Answer
The equation of the tangent line to f(x) = (x - 4)⁴ at x = 5 is given as
y - 1 = 4 (x - 5)
y = 4x - 19
Step-by-step explanation
The steps to finding the equation of the tangent line include
Step 1
Finding the first derivative of f(x).
Step 2
Put x value of the indicated point into the first derivative, f '(x) to find the slope at x.
Step 3
Put x value into f(x) to find the y coordinate of the tangent point.
Step 4
Combine the slope from step 2 and point from step 3 using the point-slope formula to find the equation for the tangent line.
The general form of the equation in point-slope form is
y - y₁ = m (x - x₁)
where
y = y-coordinate of a point on the line.
y₁ = This refers to the y-coordinate of a given point on the line
m = slope of the line.
x = x-coordinate of the point on the line whose y-coordinate is y.

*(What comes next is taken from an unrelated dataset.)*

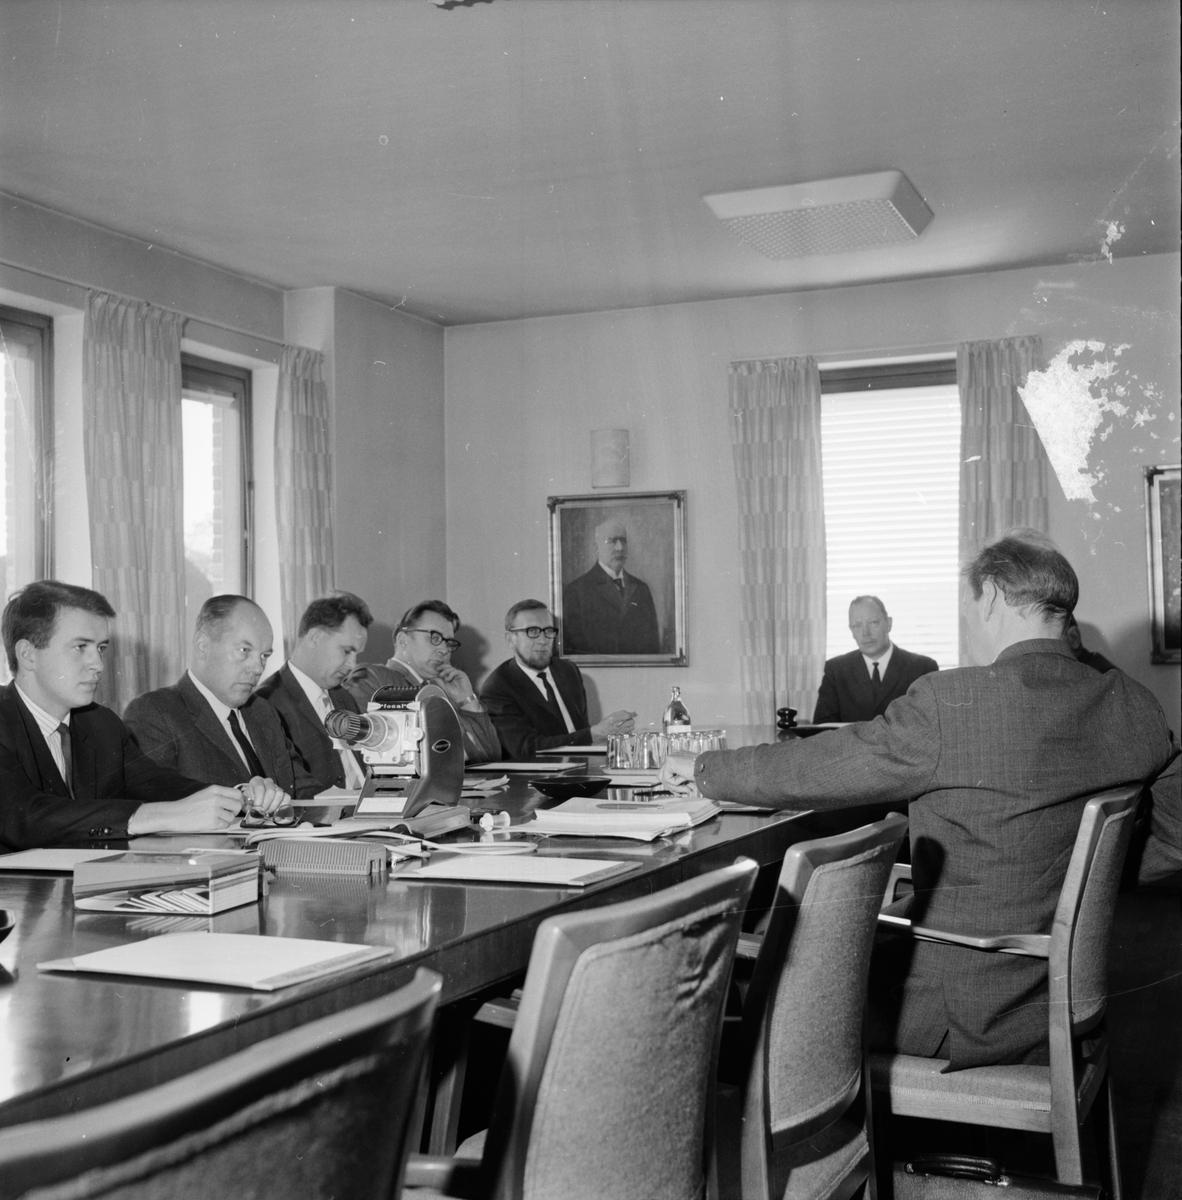 Tillhagen Carl-Herman, zigenare, i Bollnäs, 6 Okt 1964

x₁ = x-coordinate of the given point on the line
For this question,
f(x) = (x - 4)⁴
Step 1
First derivative = (df/dx) = f'(x) = 4 (x - 4)³
Step 2
We are asked to find the equation of tangent line at x = 5
f'(x) = 4 (x - 4)³
f'(5) = 4 (5 - 4)³ = 4 (1)³ = 4 (1) = 4
Step 3
f(x) = (x - 4)⁴
f(5) = (5 - 4)⁴ = 1⁴ = 1
y₁ = 1
Step 4
m = 4
x₁ = 5
y₁ = 1
The equation of the tangent line at x = x₁ is given as
y - y₁ = m (x - x₁)
y - 1 = 4 (x - 5)
y - 1 = 4x - 20
y = 4x - 20 + 1
y = 4x - 19
Hope this Helps!!!